In structural engineering, a pre-engineered building (PEB) is designed by a PEB supplier or PEB manufacturer with a single design to be fabricated using various materials and methods to satisfy a wide range of structural and aesthetic design requirements. This is contrasted with a building built to a design that was created specifically for that building.  Within some geographic industry sectors pre-engineered buildings are also called pre-engineered metal buildings (PEMB) or, as is becoming increasingly common due to the reduced amount of pre-engineering involved in custom computer-aided designs, simply engineered metal buildings (EMB).

During the 1960s, standardized engineering designs for buildings were first marketed as PEBs. Historically, the primary framing structure of a pre-engineered building is an assembly of -shaped members, often referred to as I-beams. In pre-engineered buildings, the I beams used are usually formed by welding together steel plates to form the I section. The I beams are then field-assembled (e.g. bolted connections) to form the entire frame of the pre-engineered building. Some manufacturers taper the framing members (varying in web depth) according to the local loading effects. Larger plate dimensions are used in areas of higher load effects.

Other forms of primary framing can include trusses, mill sections rather than three-plate welded, castellated beams, etc. The choice of economic form can vary depending on factors such as local capabilities (e.g. manufacturing, transportation, construction) and variations in material vs. labour costs. 

Typically, primary frames are 2D type frames (i.e. may be analyzed using two-dimensional techniques). Advances in computer-aided design technology, materials and manufacturing capabilities have assisted a growth in alternate forms of pre-engineered building such as the tension fabric building and more sophisticated analysis (e.g. three-dimensional) as is required by some building codes.

Cold formed Z- and C-shaped members may be used as secondary structural elements to fasten and support the external cladding.

Roll-formed profiled steel sheet, wood, tensioned fabric, precast concrete, masonry block, glass curtainwall or other materials may be used for the external cladding of the building.

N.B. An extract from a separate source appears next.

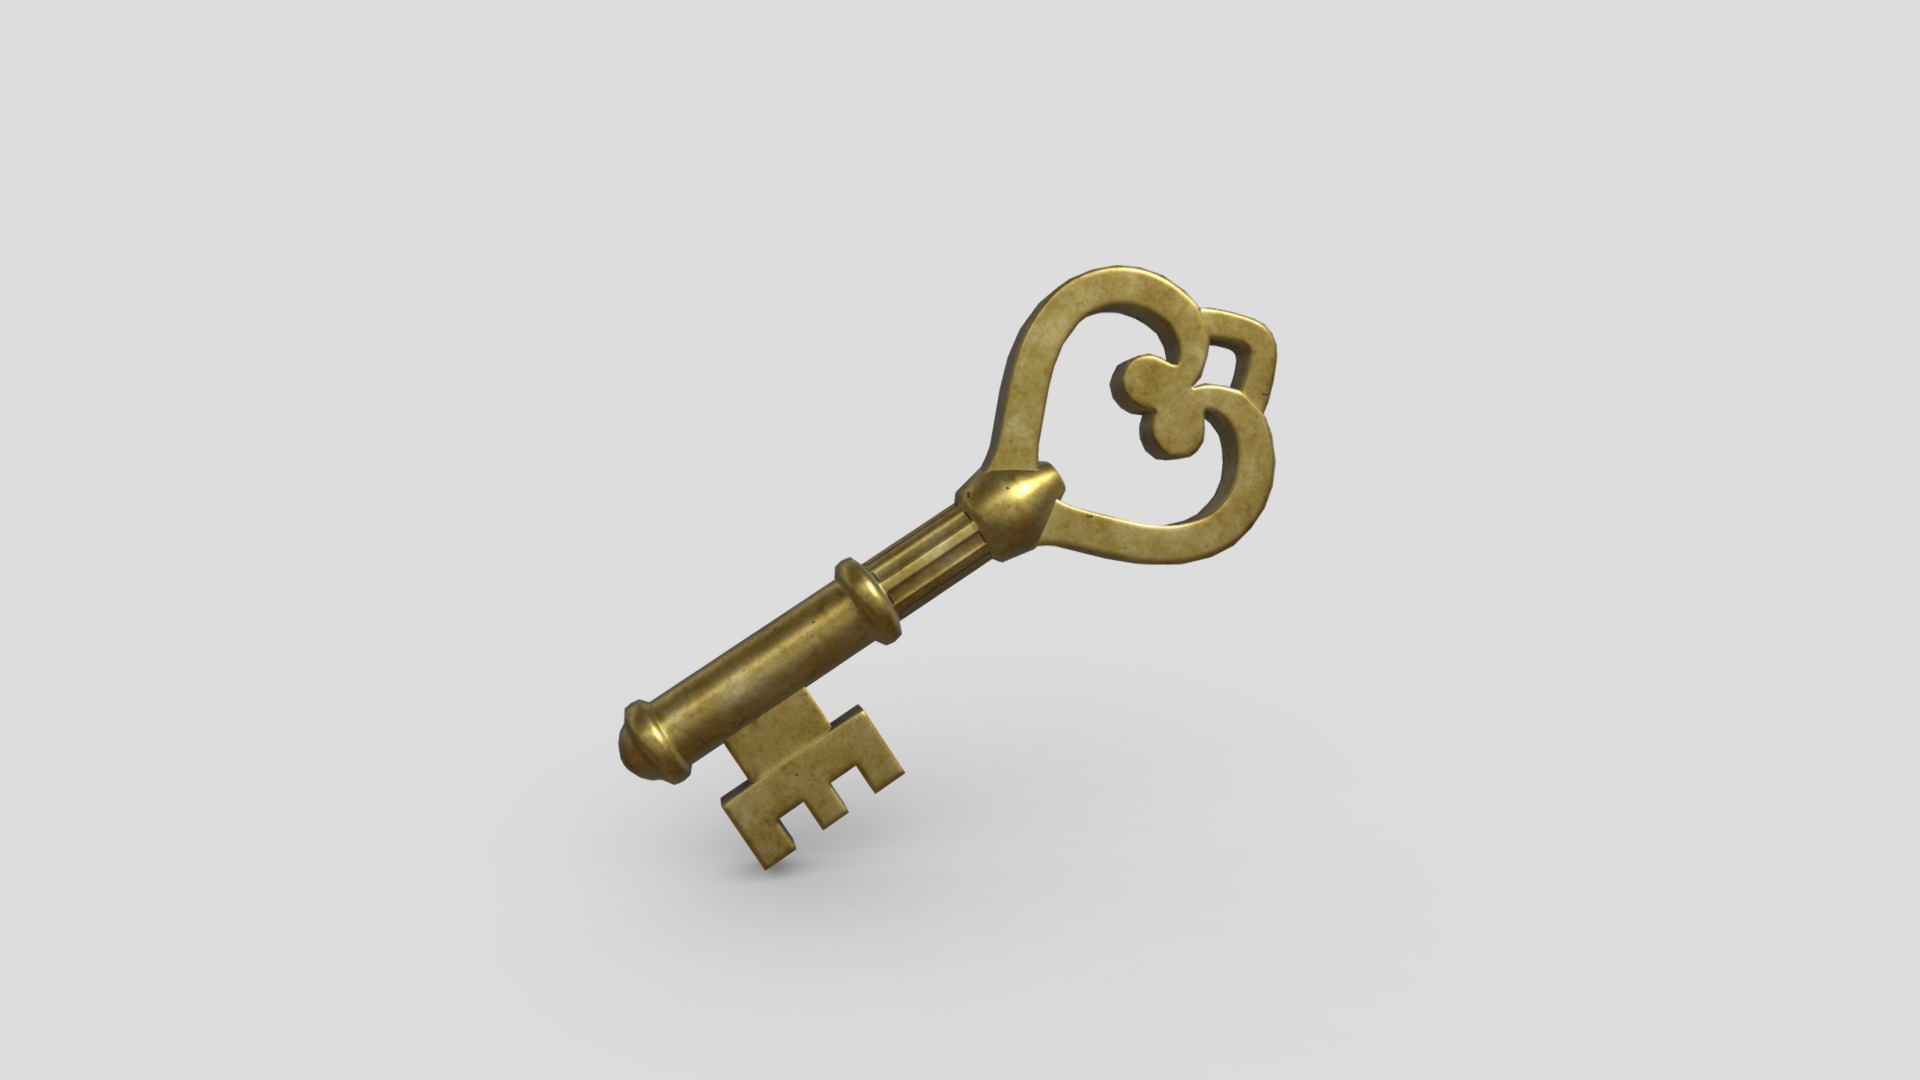 3D model Key 2 - This is a 3D model of the Key 2. The 3D model is about a gold key with a silver handle.

In order to accurately design a pre-engineered building, engineers consider the clear span between bearing points, bay spacing, roof slope, live loads, dead loads, collateral loads, wind uplift, deflection criteria, internal crane system and maximum practical size and weight of fabricated members. Historically, pre-engineered building manufacturers have developed pre-calculated tables for different structural elements in order to allow designers to select the most efficient I beams size for their projects. However, the table selection procedures are becoming rare with the evolution in computer-aided custom designs.

While pre-engineered buildings can be adapted to suit a wide variety of structural applications, the greatest economy will be realized when utilising standard details. An efficiently designed pre-engineered building can be lighter than the conventional steel buildings by up to 30%. Lighter weight equates to less steel and a potential price savings in structural framework.

Project professionals and manufacturer-designed buildings

The project architect, sometimes called the Architect of Record, is typically responsible for aspects such as aesthetic, dimensional, occupant comfort and fire safety. When a pre-engineered building is selected for a project, the architect accepts conditions inherent in the manufacturer's product offerings for aspects such as materials, colours, structural form, dimensional modularity, etc. Despite the existence of the manufacturer's standard assembly details, the architect remains responsible to ensure that the manufacturer's product and assembly is consistent with the building code requirements (e.g. continuity of air/vapour retarders, insulation, rain screen; size and location of exits; fire rated assemblies) and occupant/owner expectations.

Many jurisdictions recognize the distinction between the project engineer, sometimes called the Engineer of Record, and the manufacturer's employee or subcontract engineer, sometimes called a specialty engineer. The principal differences between these two entities on a project are the limits of commercial obligation, professional responsibility and liability.

The structural Engineer of Record is responsible to specify the design parameters for the project (e.g. materials, loads, design standards, service limits) and to ensure that the element and assembly designs by others are consistent in the global context of the finished building.

The specialty engineer is responsible to design only those elements which the manufacturer is commercially obligated to supply (e.g. by contract) and to communicate the assembly procedures, design assumptions and responses, to the extent that the design relies on or affects work by others, to the Engineer of Record – usually described in the manufacturer's erection drawings and assembly manuals. The manufacturer produces an engineered product but does not typically provide engineering services to the project.

In the context described, the Architect and Engineer of Record are the designers of the building and bear ultimate responsibility for the performance of the completed work. A buyer should be aware of the project professional distinctions when developing the project plan.

These prefabricated structures are widely used in the residential as well as industrial sector  for its unmatched characteristics.